Posted on:2004-06-22Degree:Ph.DType:Dissertation
University:Washington State UniversityCandidate:Schwab, Jane SarmientoFull Text:PDF
GTID:1465390011476957Subject:Literature
Abstract/Summary:
A discourse on Filipino American literature requires an understanding of the colonial relationship established by the United States with the seizure of the Philippine Islands in 1898. This trajectory of imperialism incorporated racist practices that circumscribed the lives of Filipinos under colonial rule which ended formally in 1946, but continues today in a neocolonial association with the U.S. The larger landscape of Asian exclusionary experiences is also discussed, and helps to situate Filipinos on this landscape. Filipinos, for example, are distinguished from other Asian groups because, as colonial subjects, they had been led to believe they were quasi-Americans through their colonial educational system that made them feel part of this colonial family until the Tydings-McDuffie Act of 1934.; This act turned Filipinos from wards of the colonial state to aliens which Filipinos understood as a betrayal by their colonial masters.

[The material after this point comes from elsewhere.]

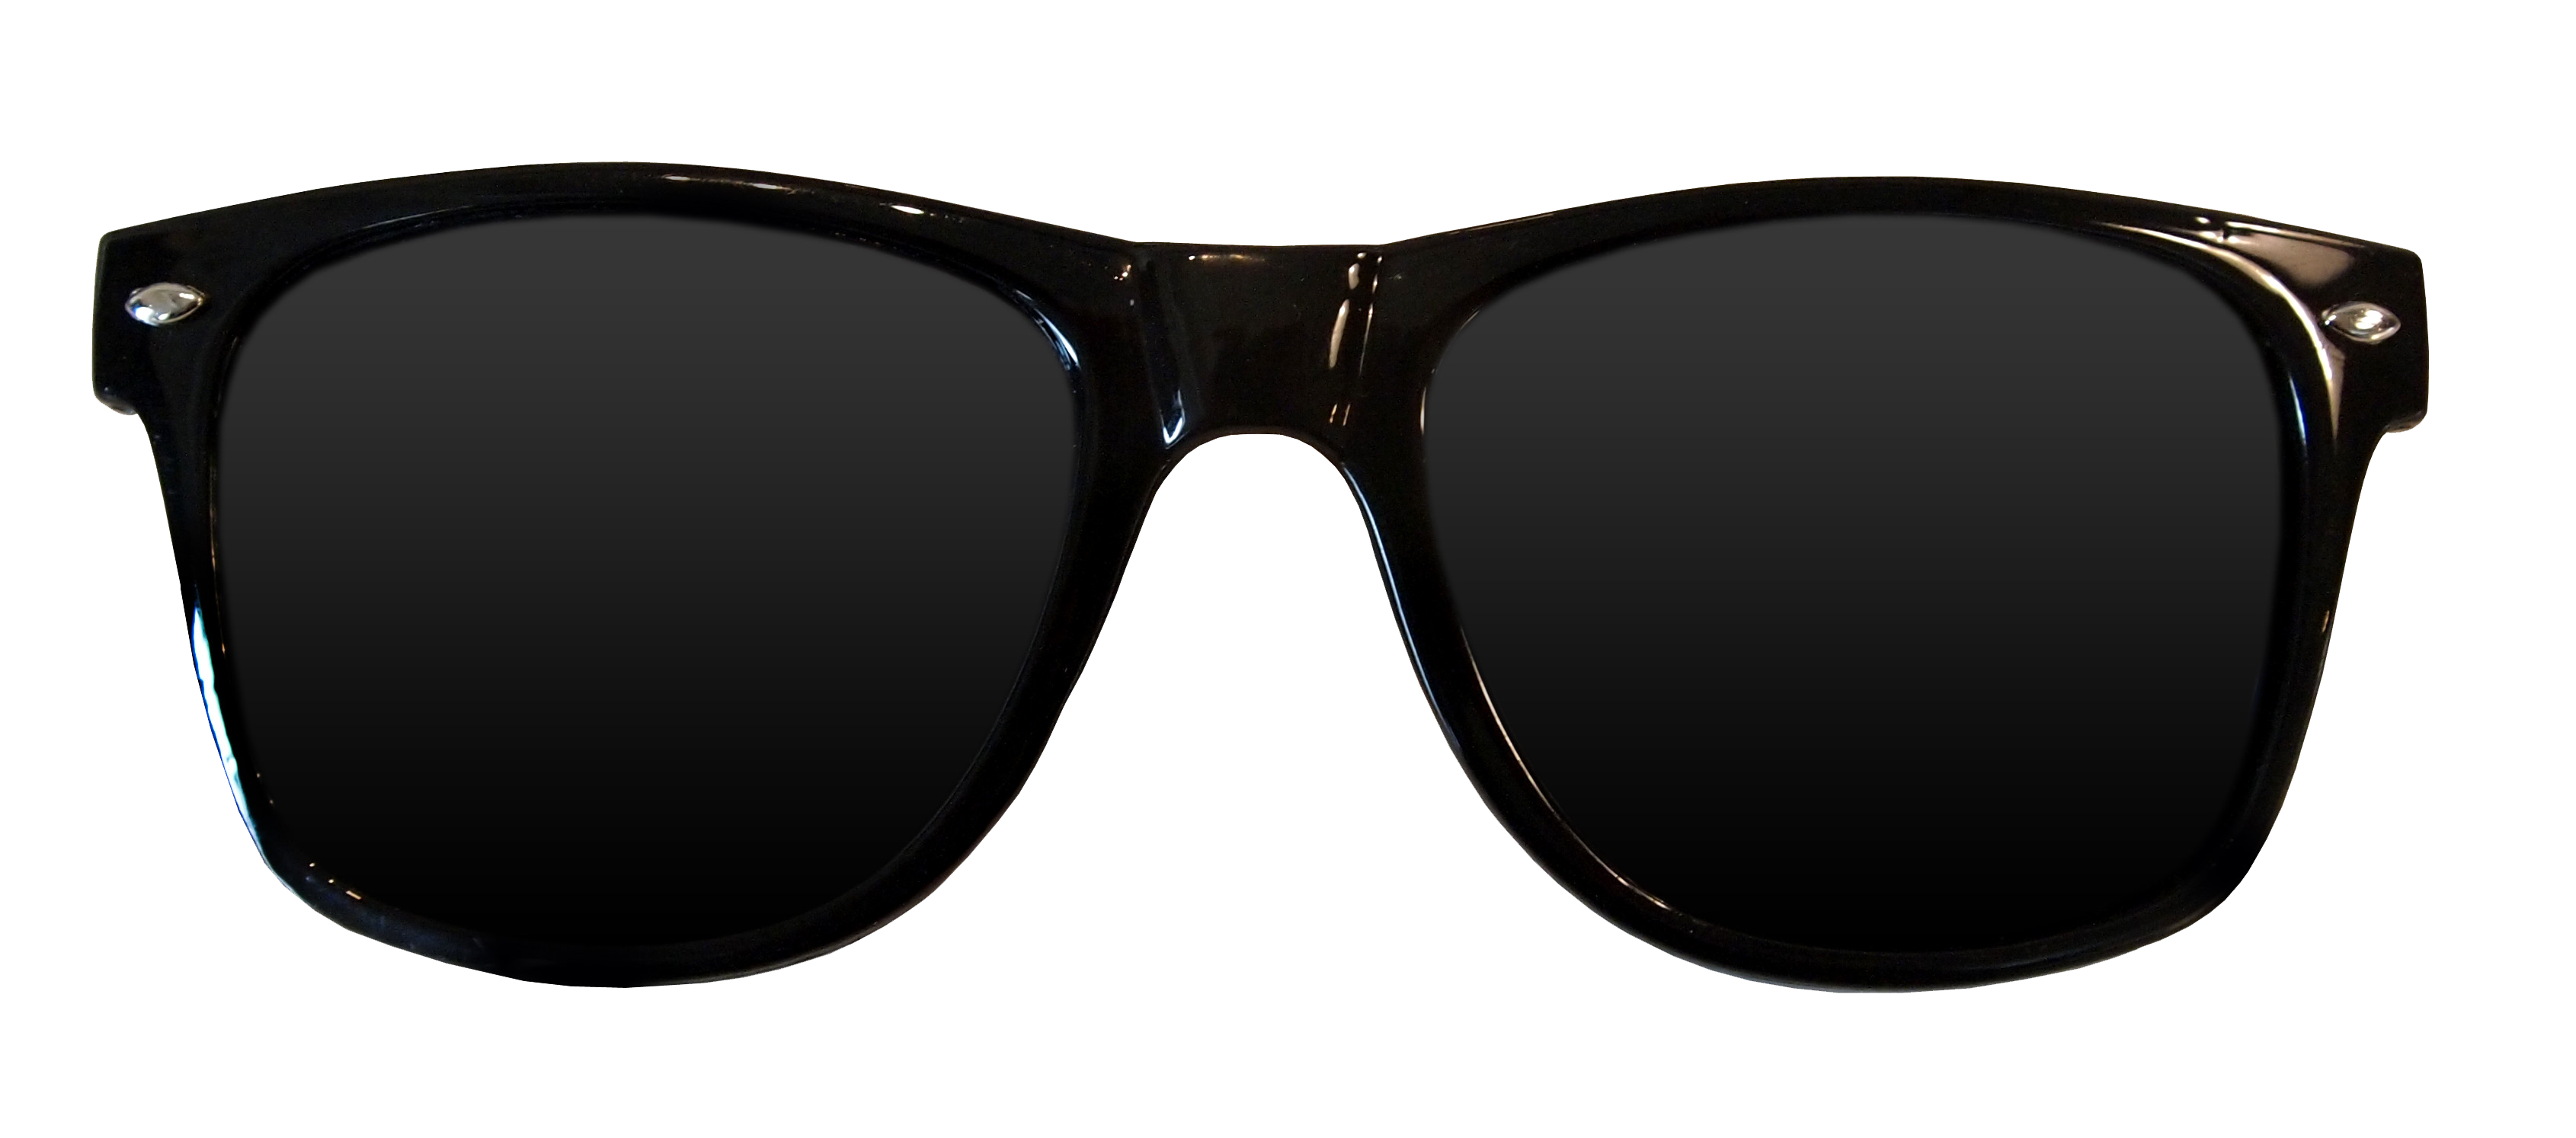 Sun Glasses Clipart Transparent PNG Hd, Eyewear Sun Glasses Glass

The chapter titles, which follow, elaborate on the impact of U.S. imperialism/colonialism in Filipino American literature. Chapter One: Philippine/U.S. Imperial Dance; Chapter Two: Little Brown Brother, Savages, and Aliens---Racial Identities for the Colonized Filipino; Chapter Three: American Movies: Cultural Imperialism; and Chapter Four: Agrarian Revolt in the Fields of Central Luzon and California. The Filipino American artists, hence, speak to this colonial relationship in their fiction, and in their poetry beginning with N.V.M. Gonzalez, Marianne Villanueva, and Fatima Lim Wilson in the first chapter. The second chapter features M. Evelina Galang and Brian Ascalon Roley. The third chapter covers the work Jessica Hagedorn and Nick Carbo and in the fourth chapter, the personal histories of Philip Vera Cruz and Carlos Bulosan round out the literary pieces with non-fiction. With each chapter theoretical and historical contexts enhance the reading of the literature, and key scholars include Joel Kovel, E. San Juan, Michael Parenti, Stuart Creighton Miller, Carey McWilliams, Gabriel Kolko, Renato Constantino, Joel David, James S. Moy, Robert G. Lee, Leny Mendoza Strobel, Antonio Gramsci, and Karl Marx.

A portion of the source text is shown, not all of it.